> **Task**
None of the pictures should be copied, though every line of the listing must be printed exactly.

> **Source material**
-*-*-

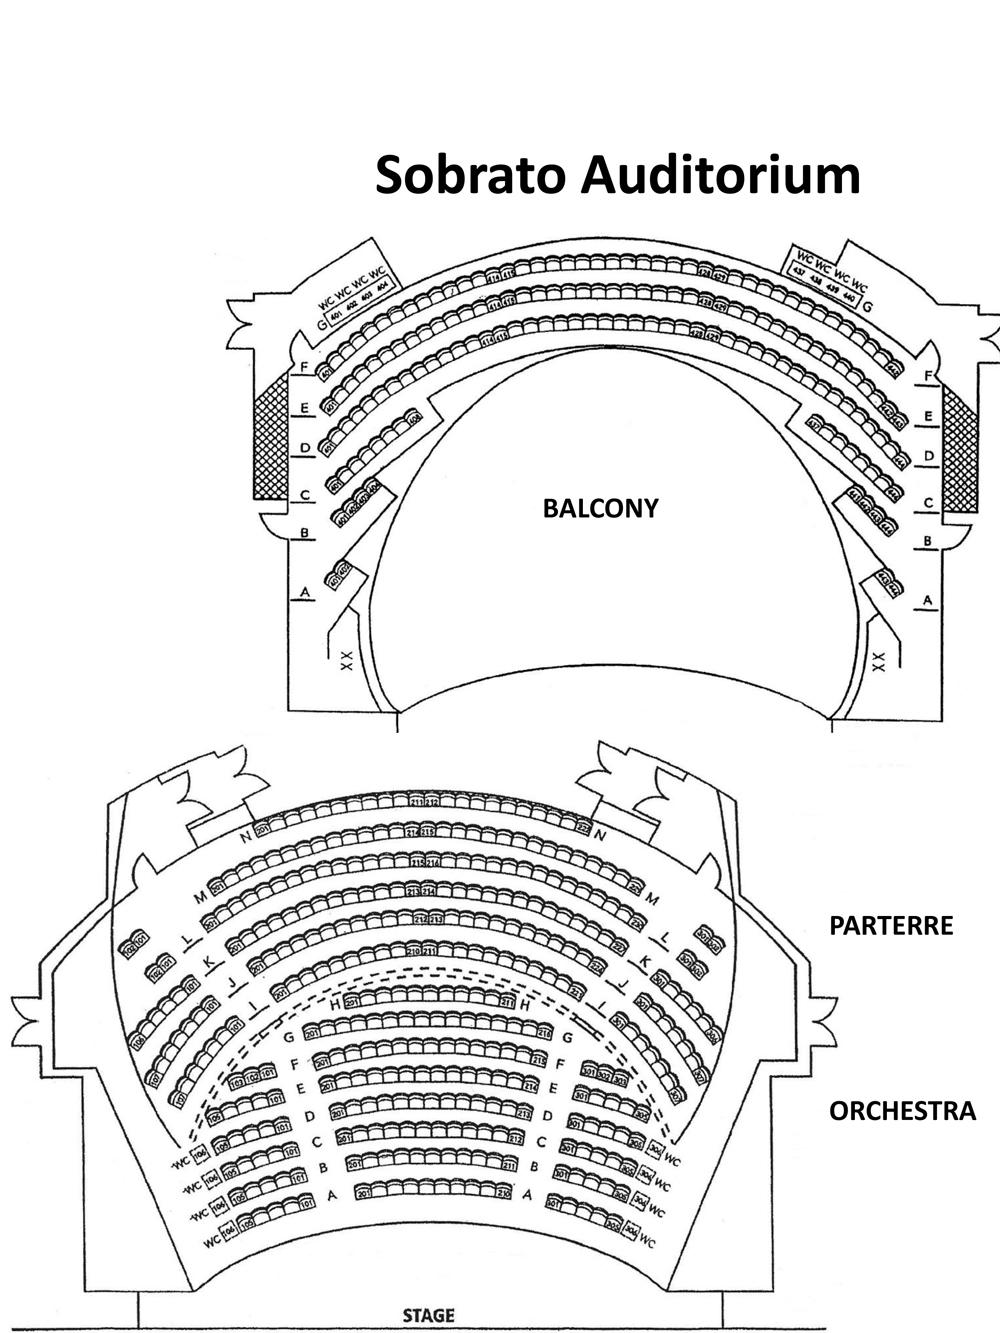 Hammer Theatre Center San Jose Tickets Schedule Seating Charts Black Box Diagram Ucf
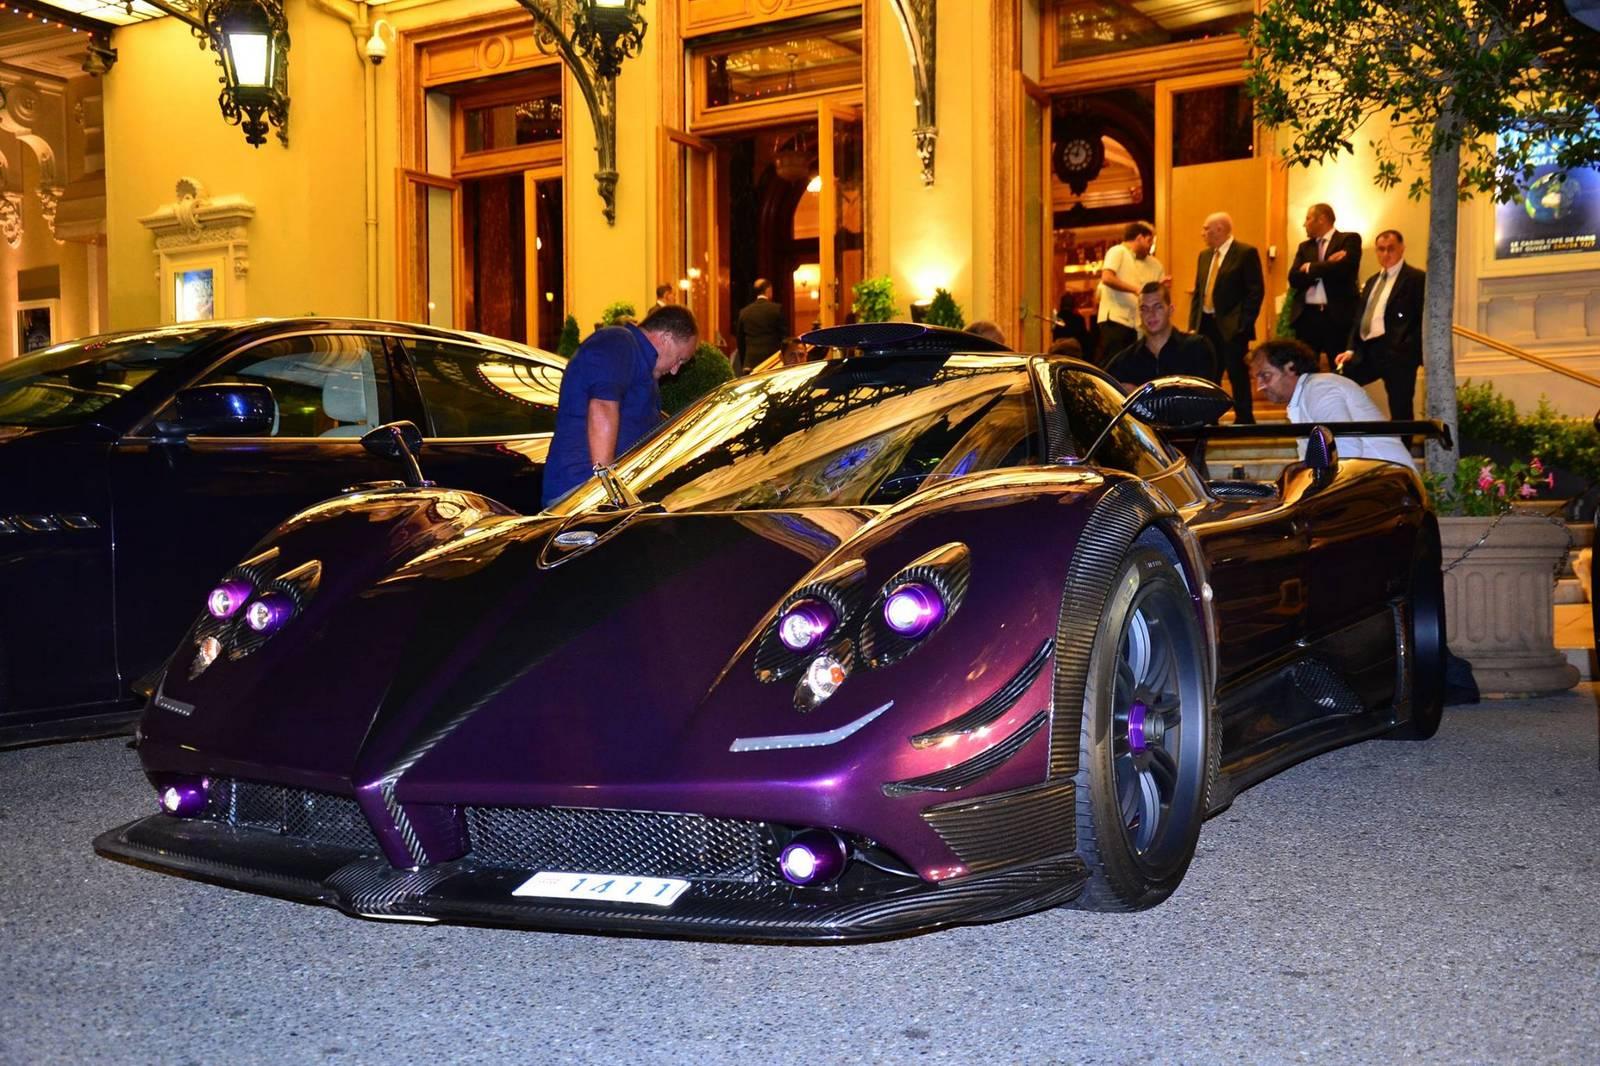 Gallery: Pagani Zonda 760 LH by Night in Monaco - GTspirit
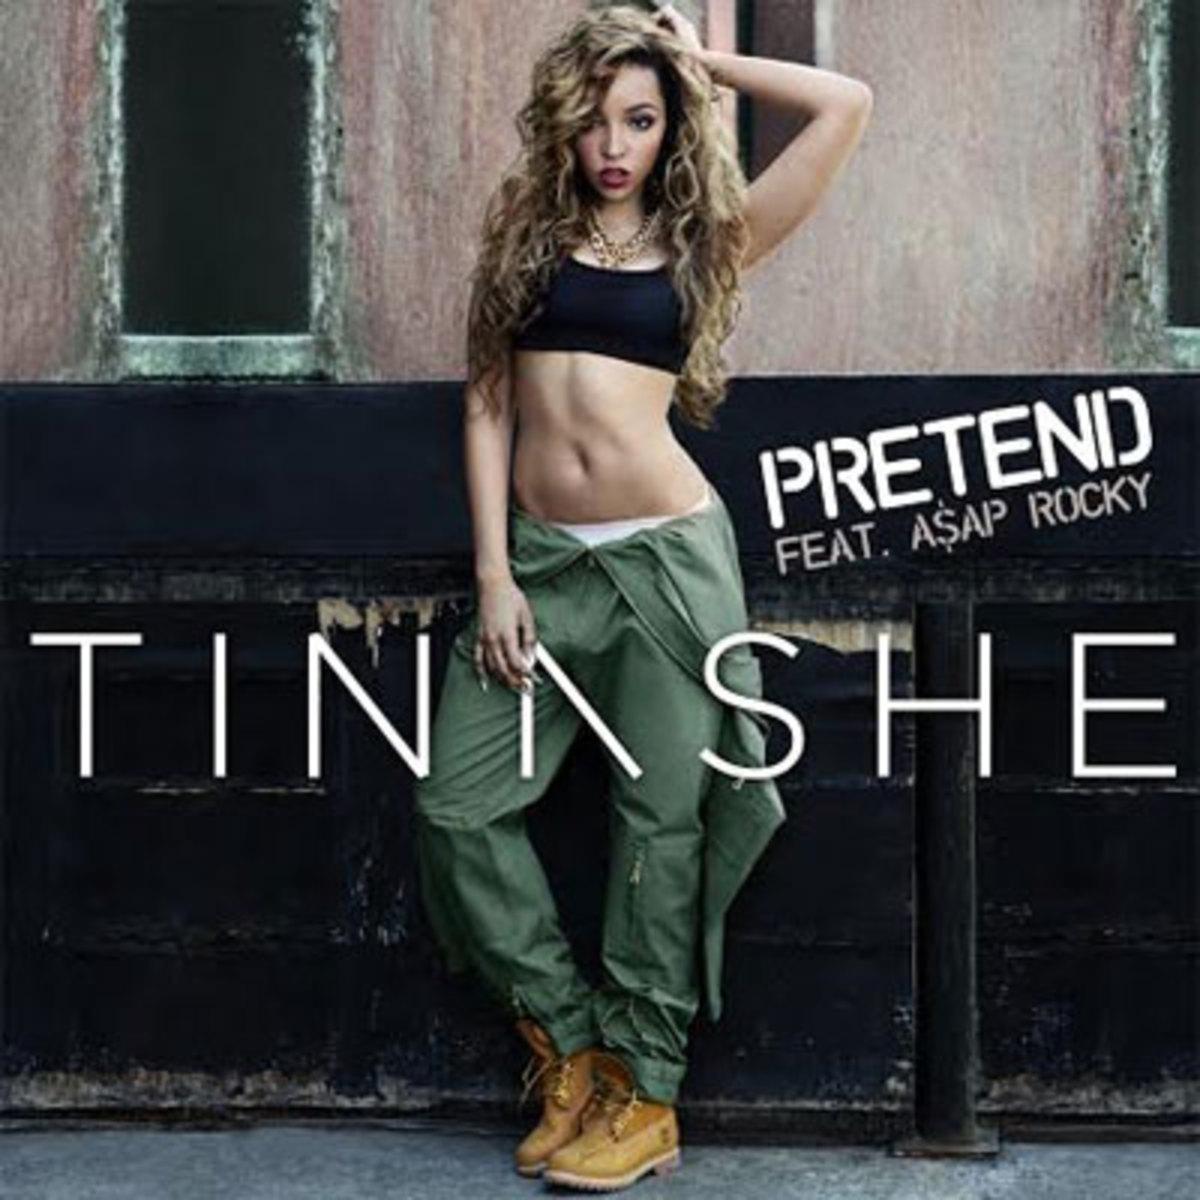 tinashe-pretend.jpg

-*-*-

> **Response to the task**
 Hammer Theatre Center San Jose Tickets Schedule Seating Charts Black Box Diagram Ucf
 Gallery: Pagani Zonda 760 LH by Night in Monaco - GTspirit
 tinashe-pretend.jpg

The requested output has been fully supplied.